How do you manage object storage for large files in cloud-native environments?
In cloud-native environments, managing large files (such as multimedia, datasets, backups) mainly relies on object storage services. Object storage provides nearly unlimited scalability, high durability, and a pay-as-you-go model, and is accessed through standard APIs (such as S3). It naturally aligns with the dynamic and scalable characteristics of containerization, microservices, and Serverless, making it the core infrastructure for handling massive amounts of unstructured data.

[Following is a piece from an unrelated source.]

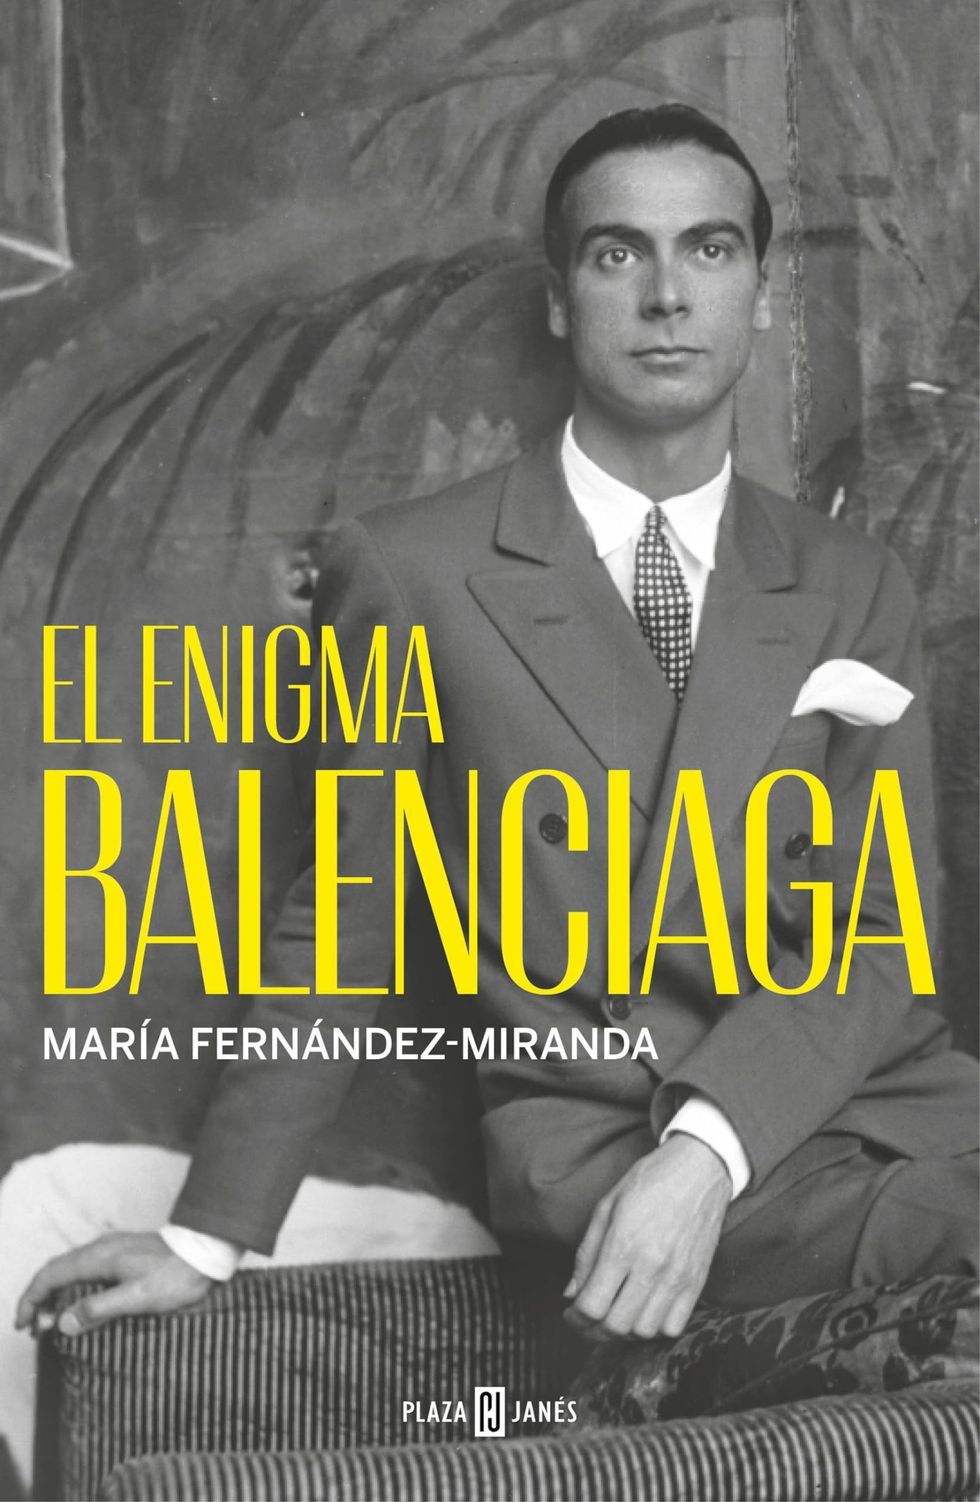 El enigma Balenciaga, de María Fernández-Miranda

The core advantages of object storage lie in its flat namespace (buckets and objects), HTTP RESTful interface, and elastic scalability. For large file management, key features include chunked uploads (multipart uploads) to avoid single transfer failures, lifecycle policies to automatically dump cold data to the archive tier, cross-region replication to ensure high availability/disaster recovery, and CDN integration for accelerated distribution. It integrates with Kubernetes CSI, allowing applications to mount storage declaratively through PVCs or access it directly via SDKs.
Typical practice steps are: 1. Select a service: Deploy/adopt an S3-compatible object storage (such as MinIO, Ceph RBD, or public cloud OSS/S3); 2. Integrate CSI driver: Install the corresponding CSI plugin in the K8s cluster; 3. Configure storage class: Define PVC templates to enable large file optimization features (such as chunk size); 4. Apply and declare PVC: Pods mount volumes to automatically provision storage, or directly call SDKs to operate objects; 5. Optimize settings: Configure lifecycle rules, version control, and access policies for buckets. Large files are written directly to object storage to avoid node local storage limitations.